I generally like to look out a couple years, no more than three, and figure out what the business would be worth if it remained independent based on cash flow multiples, revenue multiples, or mutiples of active users who have an established lifetime value. That becomes the target price. My rationale for using this method is the buyer ought to be willing to pay a premium over what the business is worth today for asking the company to give up all future value potential. But you can’t ask the buyer to pay now for all the upside that the business could obtain if it remained independent. So a few years of future value, especially if it is reasonably visible to everyone, particularly the buyer, is a reaasonable approach.
If you run a process and you cannot obtain a bid at or in excess of your target price, you should stay independent unless you are in a distressed situation. As painful as it is to the senior management team and the entire company to go through a sale proceess and end up with nothing, the alternative – accepting a price that you believe is not fair – is worse. I’ve seen plenty of companies go through a sale process, come up with nothing good, and then go back to business and continue to create value and come up with a much better deal a few years later. It’s tough the first six months or so, but then everyone moves on and the failed process becomes a distant memory.
If a buyer meets or exceeds your target price, you will want to seriously consider the offer. If you made the decision to sell the company, ran a process, and hit your target price, you should think very hard before walking away from the deal. If however, you did not set out to sell the company, but were approached, that is another story. I’ve seen many entrepreneurs regret selling after the fact. Don’t let a great price force you into a sale that you are not ready to live with.
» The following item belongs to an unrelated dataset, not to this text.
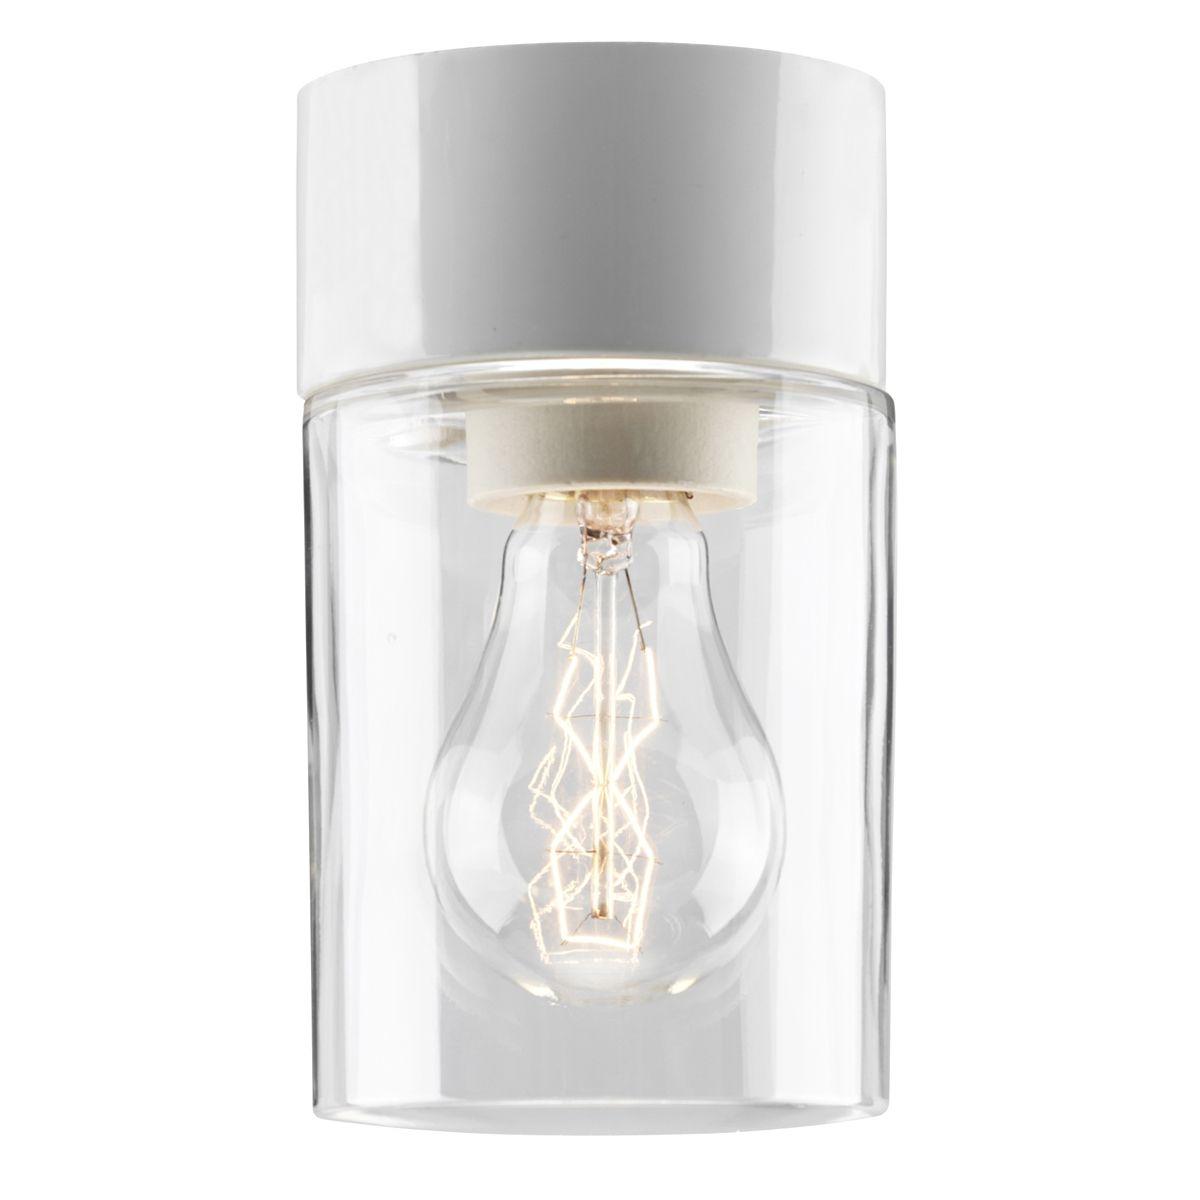 Plafonnier cylindrique au design minimaliste pour salle de bains et sauna lampe en c ramique et - Lampe de salle de bain ...
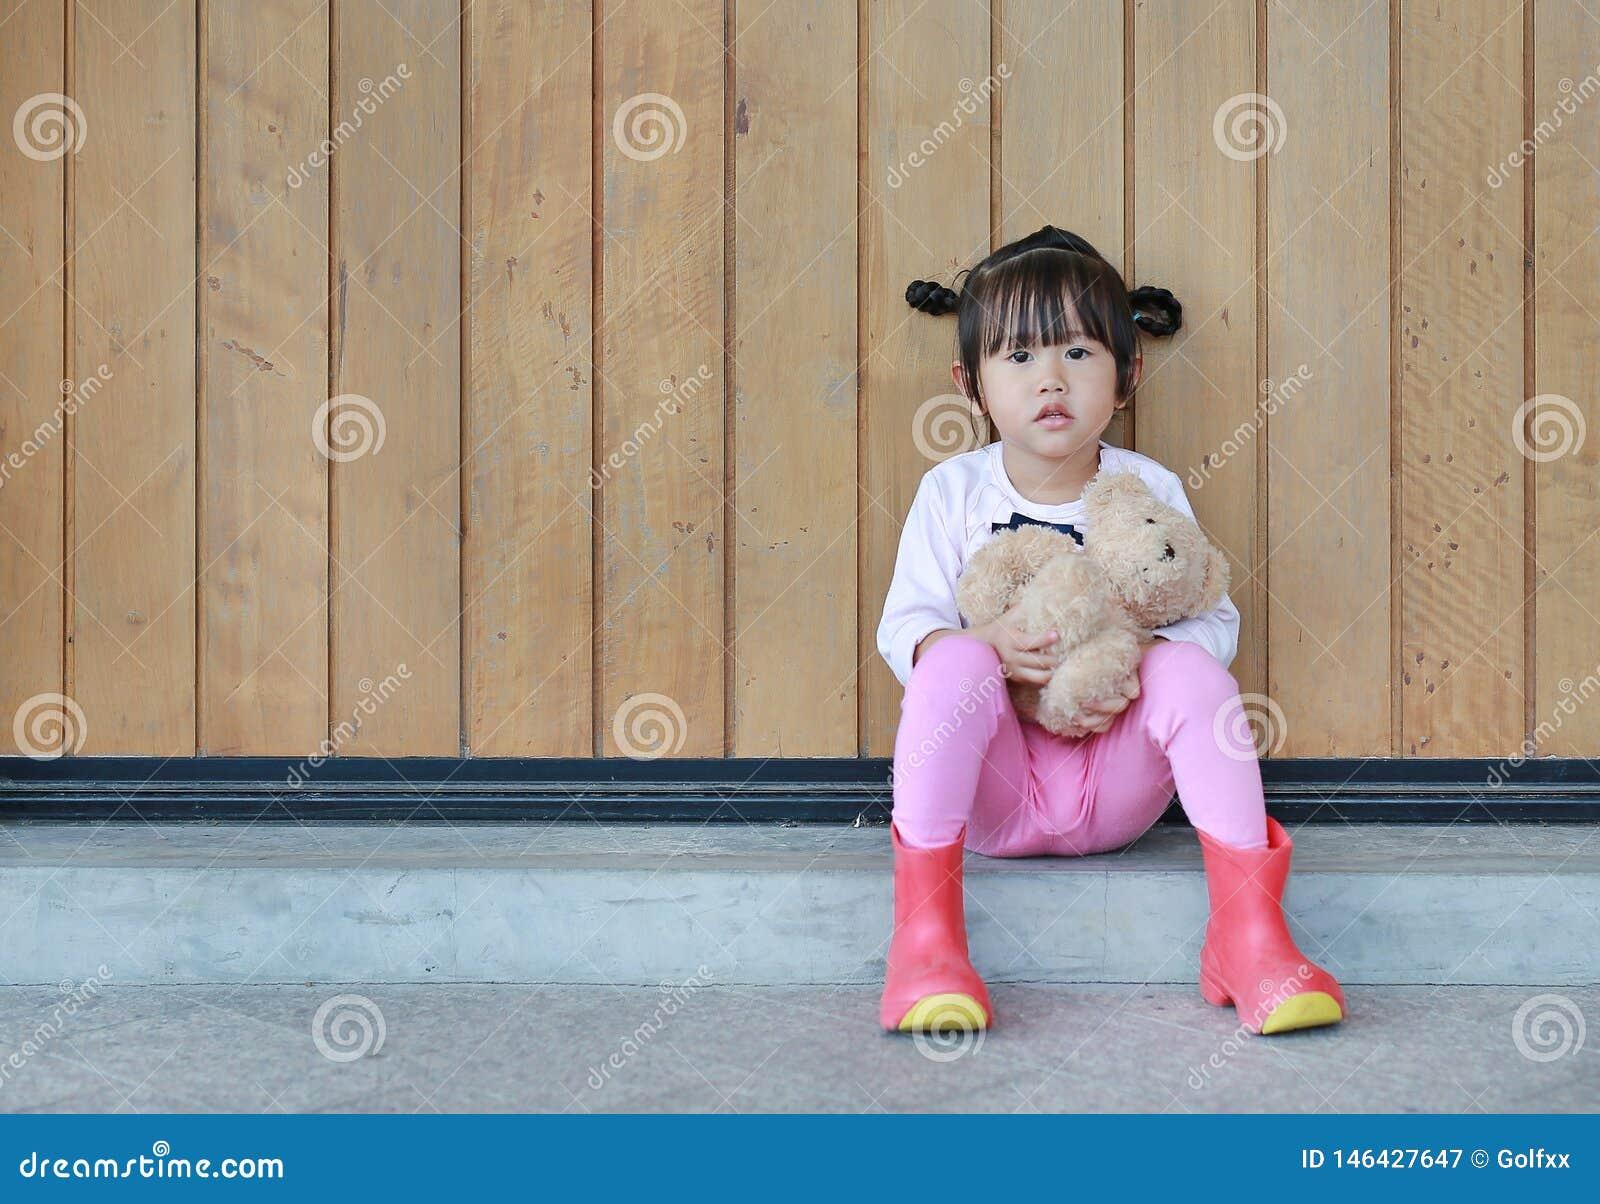 Το πορτρέτο του χαριτωμένου μικρού κοριτσιού κάθεται και αγκαλιάζοντας Teddy αντέξτε ενάντια στον ξύλινο τοίχο σανίδων

In summary, when selling your company, do the work upfront to get to a target price that makes sense to you, your senior team, your investors, and will make sense to the universe of buyers you want to target. Then figure out how to get multiple bidders to the table to get the best price. And make sure you want to sell the business before you go through with all of that. Because getting a great price for your business is not easy and when you’ve accomplished that, you’ll want to be able to say yes comfortably.